The deleteAll operation uses a partial key to delete all the rows that match the partial key. delelteAll operation may have to delete the rows in batch.
TODO: define deleteAll interface.
Transactions
Apache Tephra, used to implement transactions on HBase provides Optimistic Concurrency Control using Snapshot Isolation. Similar transactional behavior on an RDBMS can be achieved using Repeatable Read isolation level.
An interface similar to the existing Transactional and TxRunnable interfaces can be used
transactional.execute(
new TxRunnable() {
void run(TableContext context) throws Exception {
StructuredTable appMeta = context.get(tableId);
appMeta.write(...);
StructuredTable runs = context.get(runsTableId);
runs.scan();
}
}
);
In the above example, a transaction is started before the run() method of TxRunnable is executed. After the run method is complete, the transaction is committed. If an exception is thrown in the run method then the transaction will be rolled back.

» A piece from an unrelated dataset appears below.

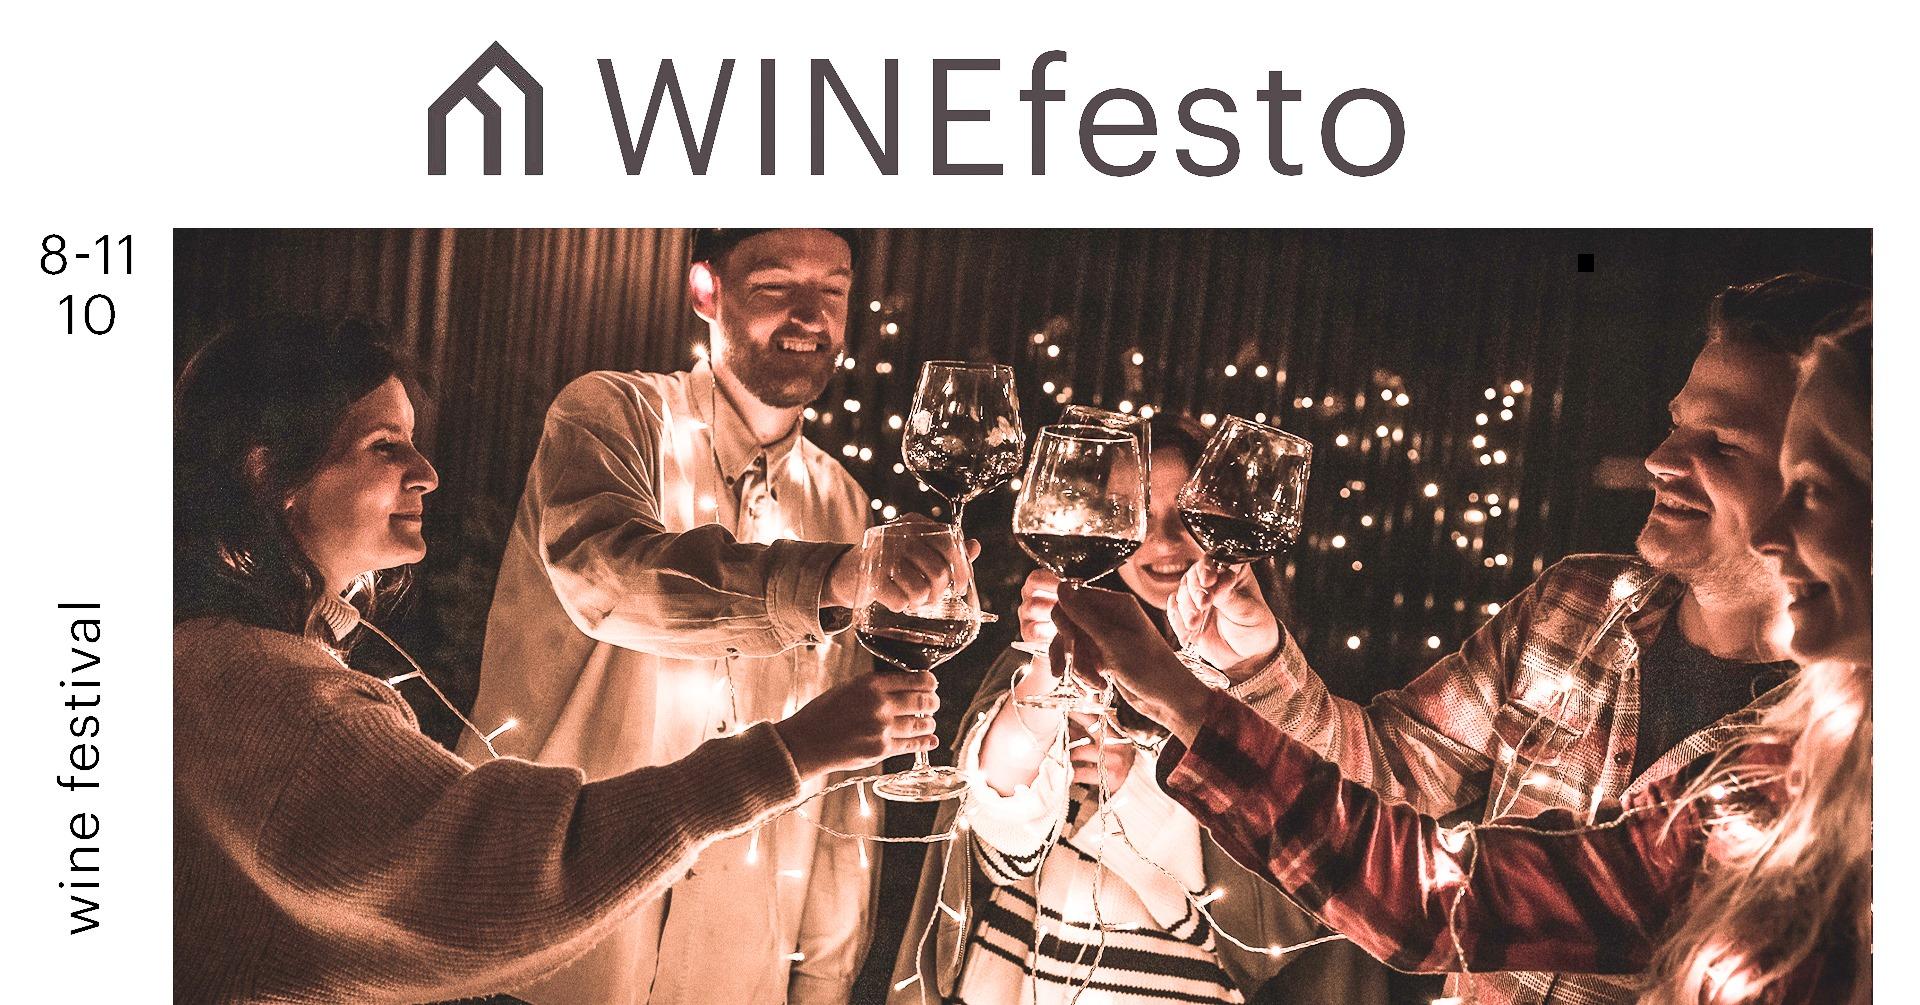 WINEfesto - Smíchov

The Transactional object is created using a TransactionalFactory. The right implementation of the TransactionalFactory object is injected during runtime.
Transactions and Messaging
There are use-cases where any changes to the data of a Dataset has to be published as a message. Subscribers listen to the changes and take action based on it. Currently it is possible to publish the messages transactionally since both the messaging service and the Datasets use the same storage and transaction system. Publishing the message as part of the same transaction that also changes the data keeps everything consistent.
With the new architecture, where different storage engines can be used for messaging service and the Datasets, the same guarantees cannot be preserved out of the box.
TODO: define new semantics for transactions and messaging.
Implementation of SPI
There will be the following implementations of the SPI -
...
Future work
Admin operations
Get Specification
This operation is used to fetch the specification of a table that is defined during a create or an upgrade operation.
Schema upgrade
Changing the schema a table will be possible as long as the old and the new schemas are compatible.
...
The data upgrade will happen in the background and there needs to be a way to track the progress of the upgrade. This will also need the dataset using the table to be aware of the old and the new schema versions. The dataset will need to work with both the schema versions until the upgrade is complete. The details need to be flushed out.
Delete
A delete operation will delete a table. Although the table may become invisible immediately, the data in the table may be deleted in background.
...